> **WHAT THIS TASK INVOLVES**:
From the entries below, please gather each line containing the string "Full".
··· DATA LISTING
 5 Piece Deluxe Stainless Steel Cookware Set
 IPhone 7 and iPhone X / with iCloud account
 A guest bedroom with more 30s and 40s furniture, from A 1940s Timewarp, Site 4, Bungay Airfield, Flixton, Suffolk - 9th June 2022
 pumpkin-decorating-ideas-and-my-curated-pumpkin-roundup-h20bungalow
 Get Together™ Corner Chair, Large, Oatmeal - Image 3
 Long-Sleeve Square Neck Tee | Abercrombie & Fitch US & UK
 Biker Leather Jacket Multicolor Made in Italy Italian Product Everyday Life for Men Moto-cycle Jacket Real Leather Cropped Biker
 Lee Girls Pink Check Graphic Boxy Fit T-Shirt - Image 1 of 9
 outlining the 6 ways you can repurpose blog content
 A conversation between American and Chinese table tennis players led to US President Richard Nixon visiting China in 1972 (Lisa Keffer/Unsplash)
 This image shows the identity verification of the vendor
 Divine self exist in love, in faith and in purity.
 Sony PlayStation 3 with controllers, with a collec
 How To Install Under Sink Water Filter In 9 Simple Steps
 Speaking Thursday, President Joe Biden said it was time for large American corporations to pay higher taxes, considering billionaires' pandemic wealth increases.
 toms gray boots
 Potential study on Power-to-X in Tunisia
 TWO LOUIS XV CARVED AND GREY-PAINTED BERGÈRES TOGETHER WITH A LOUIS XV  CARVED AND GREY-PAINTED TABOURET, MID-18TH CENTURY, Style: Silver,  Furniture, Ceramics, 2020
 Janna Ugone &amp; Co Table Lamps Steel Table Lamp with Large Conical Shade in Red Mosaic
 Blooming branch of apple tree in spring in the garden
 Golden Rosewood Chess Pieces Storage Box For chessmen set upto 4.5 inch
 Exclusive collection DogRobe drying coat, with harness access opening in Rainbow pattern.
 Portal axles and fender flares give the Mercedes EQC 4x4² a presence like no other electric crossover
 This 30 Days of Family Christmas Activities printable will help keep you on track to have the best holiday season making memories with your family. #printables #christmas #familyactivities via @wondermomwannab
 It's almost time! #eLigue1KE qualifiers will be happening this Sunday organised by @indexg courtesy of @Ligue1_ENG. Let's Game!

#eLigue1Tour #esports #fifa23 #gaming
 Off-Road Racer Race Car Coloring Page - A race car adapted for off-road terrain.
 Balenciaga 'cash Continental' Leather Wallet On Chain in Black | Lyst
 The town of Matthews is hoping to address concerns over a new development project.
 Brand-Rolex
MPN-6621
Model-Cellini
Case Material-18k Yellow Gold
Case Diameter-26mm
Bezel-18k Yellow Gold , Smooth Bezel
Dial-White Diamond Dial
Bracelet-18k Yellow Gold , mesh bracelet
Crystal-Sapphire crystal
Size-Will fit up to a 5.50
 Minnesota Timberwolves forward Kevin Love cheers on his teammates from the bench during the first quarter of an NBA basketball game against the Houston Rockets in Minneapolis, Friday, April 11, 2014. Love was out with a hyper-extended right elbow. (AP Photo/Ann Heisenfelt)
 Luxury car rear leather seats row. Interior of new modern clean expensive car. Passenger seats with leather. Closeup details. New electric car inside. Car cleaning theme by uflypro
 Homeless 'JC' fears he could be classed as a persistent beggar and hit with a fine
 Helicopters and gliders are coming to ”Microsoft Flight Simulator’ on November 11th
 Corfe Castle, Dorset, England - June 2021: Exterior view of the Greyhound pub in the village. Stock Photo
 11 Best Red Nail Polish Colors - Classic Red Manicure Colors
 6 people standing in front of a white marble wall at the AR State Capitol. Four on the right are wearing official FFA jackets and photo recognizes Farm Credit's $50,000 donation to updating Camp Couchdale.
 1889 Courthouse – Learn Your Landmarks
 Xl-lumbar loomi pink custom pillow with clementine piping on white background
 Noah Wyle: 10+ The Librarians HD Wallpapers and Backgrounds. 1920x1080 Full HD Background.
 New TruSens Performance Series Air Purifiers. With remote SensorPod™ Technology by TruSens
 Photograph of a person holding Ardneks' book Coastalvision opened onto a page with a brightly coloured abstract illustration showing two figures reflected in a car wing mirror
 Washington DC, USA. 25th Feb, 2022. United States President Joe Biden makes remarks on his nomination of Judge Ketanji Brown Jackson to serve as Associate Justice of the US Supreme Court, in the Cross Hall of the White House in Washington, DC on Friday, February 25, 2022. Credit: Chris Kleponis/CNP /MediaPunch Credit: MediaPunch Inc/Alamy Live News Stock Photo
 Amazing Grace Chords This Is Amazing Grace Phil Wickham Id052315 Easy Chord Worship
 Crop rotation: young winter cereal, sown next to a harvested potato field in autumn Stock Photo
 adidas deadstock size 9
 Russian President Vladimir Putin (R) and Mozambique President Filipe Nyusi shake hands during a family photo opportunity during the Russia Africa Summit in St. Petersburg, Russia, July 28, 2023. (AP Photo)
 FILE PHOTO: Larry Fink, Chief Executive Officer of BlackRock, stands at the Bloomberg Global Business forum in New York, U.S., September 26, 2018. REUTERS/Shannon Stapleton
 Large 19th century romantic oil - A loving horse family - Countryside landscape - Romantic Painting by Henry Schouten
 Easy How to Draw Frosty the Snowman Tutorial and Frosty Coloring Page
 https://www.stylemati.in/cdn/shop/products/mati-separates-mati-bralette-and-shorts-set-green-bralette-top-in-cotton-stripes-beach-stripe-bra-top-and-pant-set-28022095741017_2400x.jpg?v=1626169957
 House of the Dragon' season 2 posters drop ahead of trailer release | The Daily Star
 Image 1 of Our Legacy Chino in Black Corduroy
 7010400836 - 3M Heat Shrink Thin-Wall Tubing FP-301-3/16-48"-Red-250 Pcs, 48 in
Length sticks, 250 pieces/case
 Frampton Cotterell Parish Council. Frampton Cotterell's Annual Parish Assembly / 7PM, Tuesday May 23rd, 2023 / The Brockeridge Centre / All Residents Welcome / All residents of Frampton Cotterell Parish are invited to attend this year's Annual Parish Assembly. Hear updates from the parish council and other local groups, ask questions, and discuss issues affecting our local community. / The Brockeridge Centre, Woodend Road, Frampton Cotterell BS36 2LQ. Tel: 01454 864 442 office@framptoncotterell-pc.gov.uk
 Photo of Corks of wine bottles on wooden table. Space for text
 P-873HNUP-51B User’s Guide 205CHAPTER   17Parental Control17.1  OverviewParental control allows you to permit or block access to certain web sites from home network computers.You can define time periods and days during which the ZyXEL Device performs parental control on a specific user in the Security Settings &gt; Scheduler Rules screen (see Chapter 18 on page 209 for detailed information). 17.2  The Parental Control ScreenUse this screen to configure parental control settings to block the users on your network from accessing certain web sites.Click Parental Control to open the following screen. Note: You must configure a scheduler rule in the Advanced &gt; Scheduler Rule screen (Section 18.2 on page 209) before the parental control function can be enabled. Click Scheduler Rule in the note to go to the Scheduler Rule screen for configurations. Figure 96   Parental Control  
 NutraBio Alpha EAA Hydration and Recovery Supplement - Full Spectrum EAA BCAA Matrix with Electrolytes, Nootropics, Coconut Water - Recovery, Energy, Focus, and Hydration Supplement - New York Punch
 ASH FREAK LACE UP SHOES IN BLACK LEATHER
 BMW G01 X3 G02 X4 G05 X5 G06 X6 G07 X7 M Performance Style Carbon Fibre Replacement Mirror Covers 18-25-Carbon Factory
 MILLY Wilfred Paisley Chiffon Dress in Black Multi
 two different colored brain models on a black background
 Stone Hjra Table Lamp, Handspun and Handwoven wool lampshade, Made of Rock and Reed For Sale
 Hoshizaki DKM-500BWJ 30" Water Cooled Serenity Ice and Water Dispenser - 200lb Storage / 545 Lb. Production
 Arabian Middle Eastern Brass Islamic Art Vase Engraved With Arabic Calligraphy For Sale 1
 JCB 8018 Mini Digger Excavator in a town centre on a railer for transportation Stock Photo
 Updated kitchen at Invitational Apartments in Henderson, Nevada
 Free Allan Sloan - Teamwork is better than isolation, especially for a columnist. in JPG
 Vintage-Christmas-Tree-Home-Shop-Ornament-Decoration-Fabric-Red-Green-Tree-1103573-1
······
> **OUTPUT BELOW**:
 Noah Wyle: 10+ The Librarians HD Wallpapers and Backgrounds. 1920x1080 Full HD Background.
 NutraBio Alpha EAA Hydration and Recovery Supplement - Full Spectrum EAA BCAA Matrix with Electrolytes, Nootropics, Coconut Water - Recovery, Energy, Focus, and Hydration Supplement - New York Punch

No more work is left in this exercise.